1IT'IS Foundation, Zurich, Switzerland, 2Swiss Federal Institute of Technology (ETH), Zurich, Switzerland

Synopsis

The numerical assessment of the radiofrequency (RF)-induced local temperature increase inside a patient undergoing magnetic resonance imaging (MRI) diagnostics is state-of-the-art in MRI safety studies. In light of the continuous improvement in the resolution of anatomical models, we investigated the impact of the level of detail in the vasculature models on estimates of temperature increase. Results show that the difference of the peak temperature increase for the investigated high-exposure scenario is in the order of 20%. Future investigations should broaden the studied exposure scenarios and consider vascular convection.

Introduction

Magnetic resonance imaging (MRI) radiofrequency (RF) safety with regard to associated induced tissue heating can be studied by means of simulations involving computational anatomical models. These thermal simulations are becoming more and more important in academia and regulatory safety assessment sectors, yet they require a large data set of thermal and physiological parameters, including the tissues' thermal conductivity and blood perfusion. A further requirement is that the anatomical human model studied is sufficiently detailed. The latest generation of the Virtual Population (ViP)1 includes YOONSUN V3.12, a female model with unprecedented detail in nerve and vasculature anatomy. While the impact of microvasculature is typically handled through a homogeneous and distributed heat-sink term, the thermal impact of large vessels is typically simulated by imposing a Dirichlet boundary condition3 (37°C) – corresponding to the assumption that such vessels effectively cool their surfaces. We investigated the influence of the level of detail in the vasculature model with regard to its effect on RF-induced temperature increase estimations, by comparing simulations with the newly available extremely detailed YOONSUN vasculature to simulations where the YOONSUN vessels with diameters <2 mm are not treated as boundary conditions. This provides insight into the influence of the vessel tree detail on thermal modelling as well as likely allows estimation of an upper bound on the impact of medium-sized vasculature.

Methods

ViP model YOONSUN was investigated in the abdominal MRI imaging position at 3T, which constitutes a high exposure scenario4 with a thermal hotspot in the right forearm. The Pennes bioheat equation5 has been applied with thermo-physical and -physiological parameters from the literature6. The medium-sized vessels with diameters <2 mm in the comparison-simulation were cut off and assigned the properties of fat tissue.

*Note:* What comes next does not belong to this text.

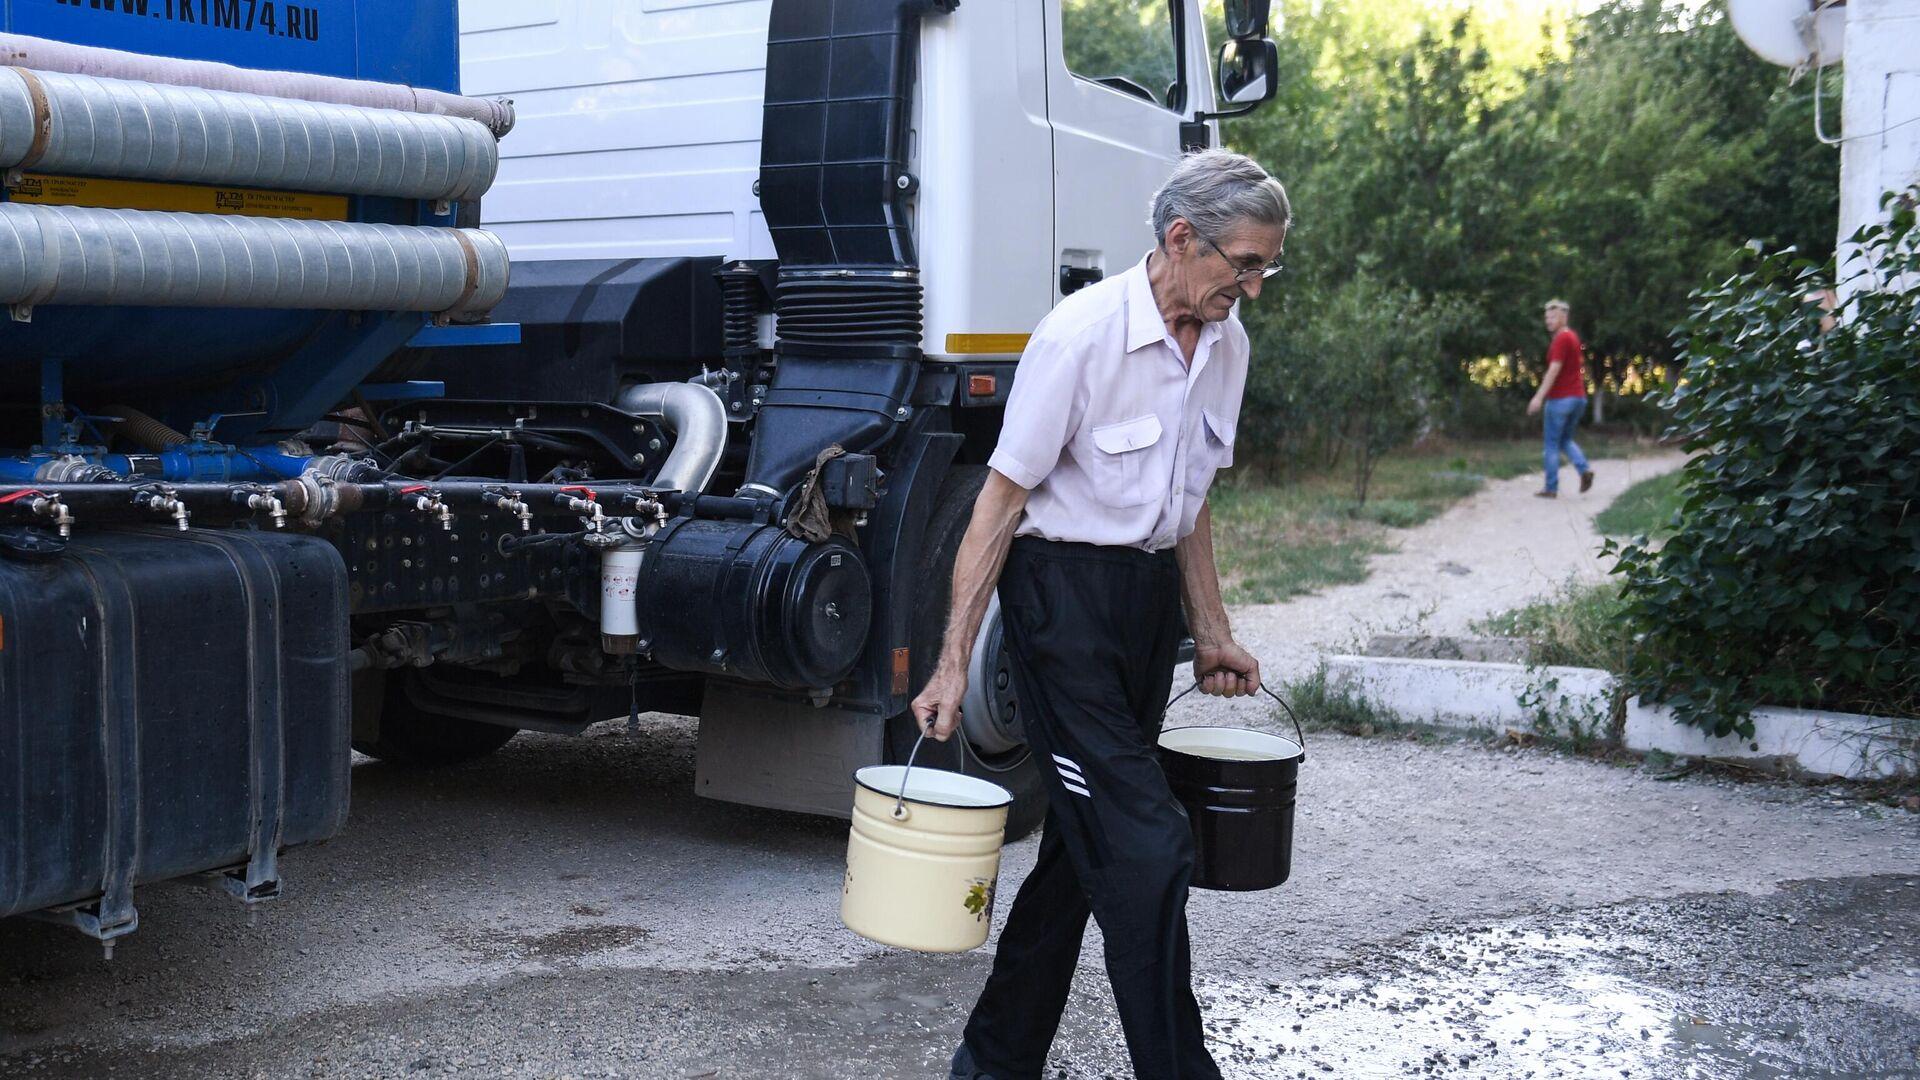 Житель Cимферополя набирает в емкости питьевую воду, привезенную в цистернах - РИА Новости, 1920, 11.10.2020

The vessel system with the division into large and small vessels is illustrated in Figure 1. The exposure level was normalized to the first level controlled operating mode with a whole-body averaged specific absorption rate (wbSAR) of 4 W/kg. Thermoregulated perfusion values were not considered for this study, which explains the high steady-state peak temperature of >45°C.

Results and Discussion

The steady-state temperature distributions for the detailed vessel system and the situation with only large-sized vessels considered are shown in Figure 2. Two slice-views at a vertical distance of 3 mm are provided: panels (a,b) show the situation with a high degree of vasculature detail and panels (c, d) show the location of the actual thermal hotspot. While the simulated medium-sized vessels considerably alter the temperature distribution around their location, the actual peak temperature increase in the thermal hotspot is affected less – a reduction from 47.2°C to 45.2°C, 20% of the temperature increase – when the medium-sized vessels are modeled as boundary conditions. The hotspot location was identical for both simulations (Figure 3).

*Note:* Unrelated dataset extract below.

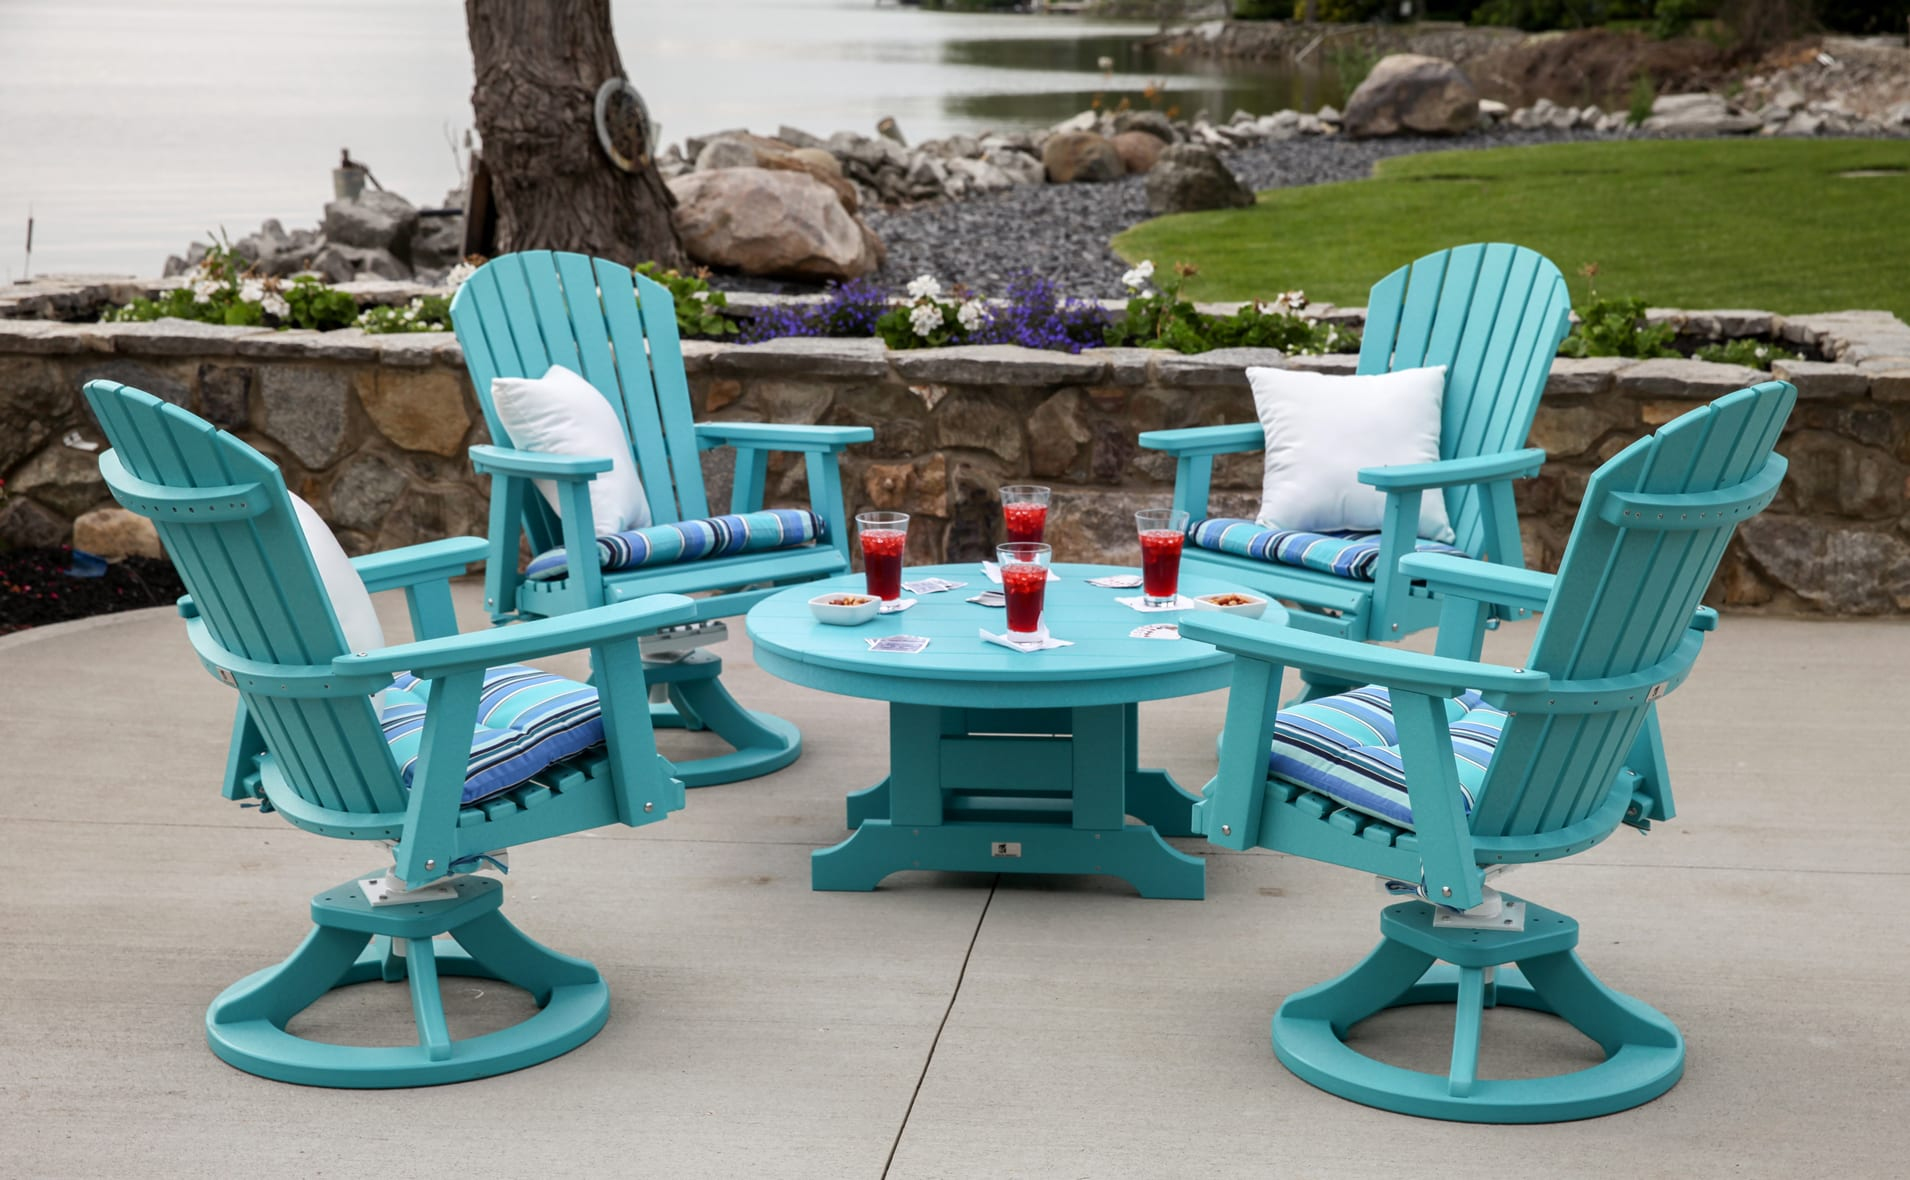 terrasse gestalten mit DIY gartenmöbel in blau

The real impact of medium-sized vasculature is likely to be between the two simulated scenarios, as medium-sized vessels do not act as perfect coolers – due to Dirichlet boundary conditions – but rather as convective boundary conditions. Also, the heating of the blood in such vessels can no longer be neglected. The situation is further complicated by the active transport of heated blood, which results in less effective cooling or even heating at remote locations.

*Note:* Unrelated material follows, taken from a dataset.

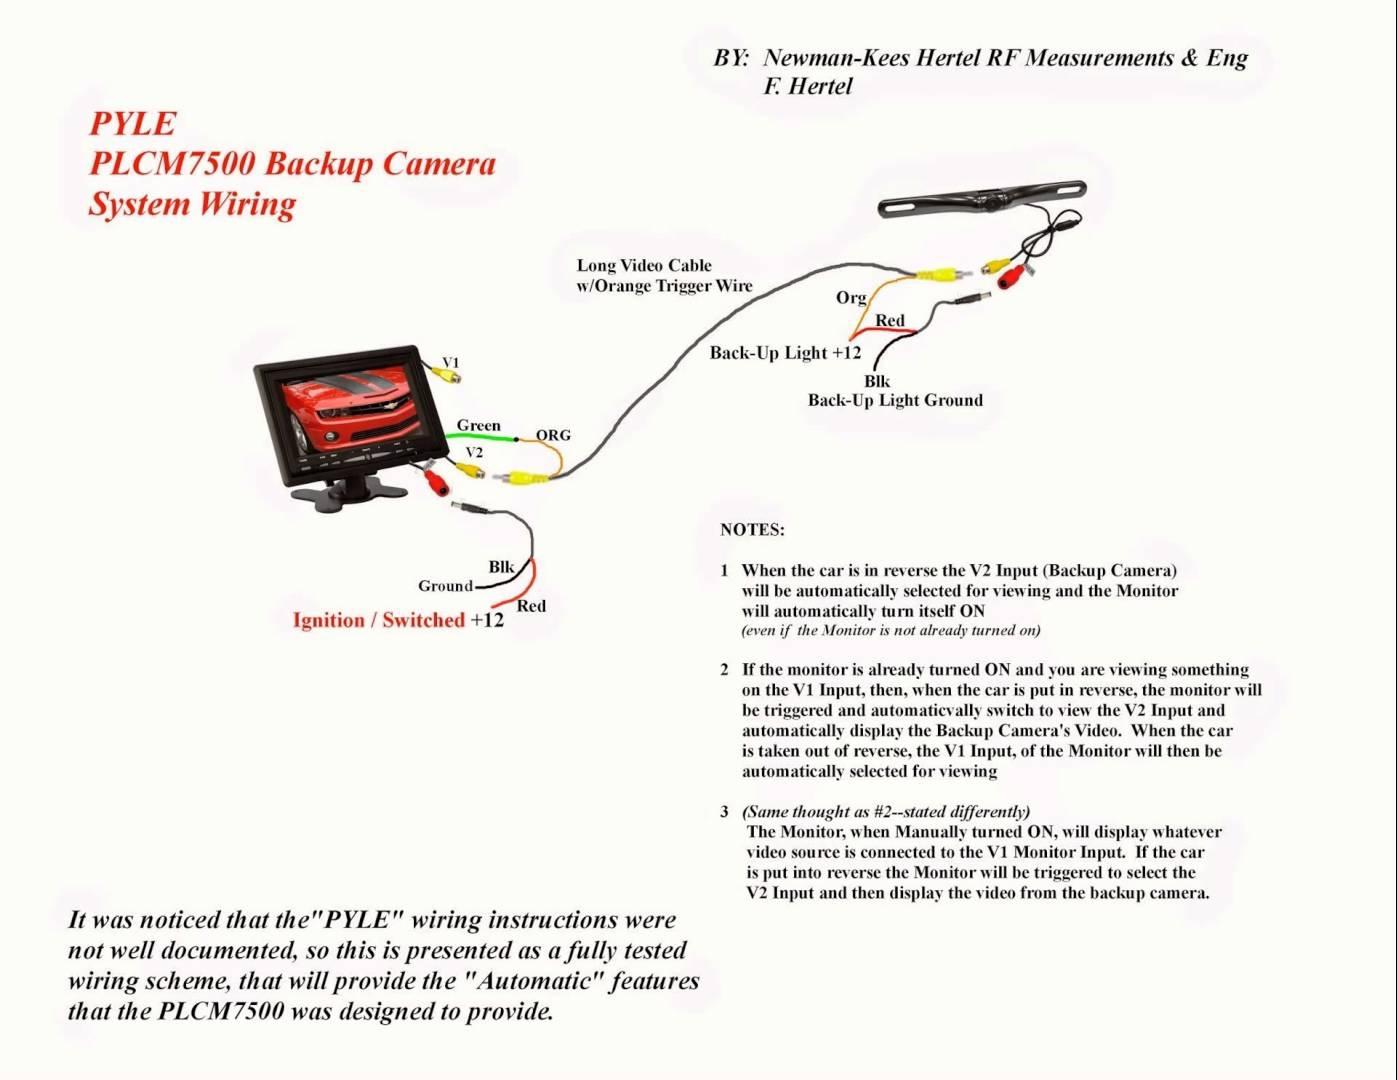 Voyager Camera Wiring Diagram | Wiring Diagram - Voyager Backup Camera Wiring Diagram

While a peak temperature increase uncertainty of 20% associated with the modeling of medium-sized vasculature might be smaller than the uncertainty associated with the tissue perfusion parameters and the impact of thermoregulation (on the order of 30%3), it should be noted that the uncertainty in the temperature increase elsewhere – potentially in thermally sensitive tissues – can be much larger, and that only a single, illustrative MRI exposure scenario has currently been studied.

Conclusions

Future investigations of more exposure scenarios and more realistic modeling of the impact of the thermal vasculature (e.g., based on the DIVA model7 that couples 1D convective vascular tree thermal simulations with 3D thermal modelling) must be performed.

Acknowledgements

This project is supported by funding from the MRInext and NEUROMAN projects.

References

1. Gosselin M-C, Neufeld E, Moser H, et al. Development of a new generation of high-resolution anatomical models for medical device evaluation: the Virtual Population 3.0. Phys Med Biol 2014;59:5287–5303.

2. ViP. Virtual Population. https://itis.swiss/virtual-population/.

3. Murbach M, Neufeld E, Capstick M, Kainz W, Brunner DO, Samaras T, Pruessmann KP, Kuster N. Thermal tissue damage model analyzed for different hole-body SAR and scan durations for standard MR body coils. Magn Reson Med 2014;71:421–431.

4. Murbach M, Neufeld E, Cabot E, Zastrow E, C??rcoles J, Kainz W, Kuster N. Virtual population-based assessment of the impact of 3 Tesla radiofrequency shimming and thermoregulation on safety and B1+ uniformity. Magnetic Resonance in Medicine 2016;76:986–997.

5. Pennes HH. Analysis of tissue and arterial blood temperatures in the resting human forearm. Applied Physiology 1948;1:93–122.

6. Hasgall PA, Di Gennaro F, Baumgartner C, Neufeld E, B L, Gosselin MC, Payne D, Klingenböck A, Kuster N. IT’IS database for thermal and electromagnetic parameters of biological tissues. Version 4.0, May 15, 2018. www.itis.ethz.ch/database 2018.

7. Kotte A, Van Leeuwen G, De Bree J, Van Der Koijk J, Crezee H, Lagendijk J. A description of discrete vessel segments in thermal modelling of tissues. Physics in Medicine and Biology 1996;41:865–884.

Figures

Figure 1: Vessel system of the right forearm of ViP model YOONSUN, showing the large vessels with veins in blue and arteries in red and the newly available medium-sized vasculature shown in turquoise. In other images, all veins are shown in blue.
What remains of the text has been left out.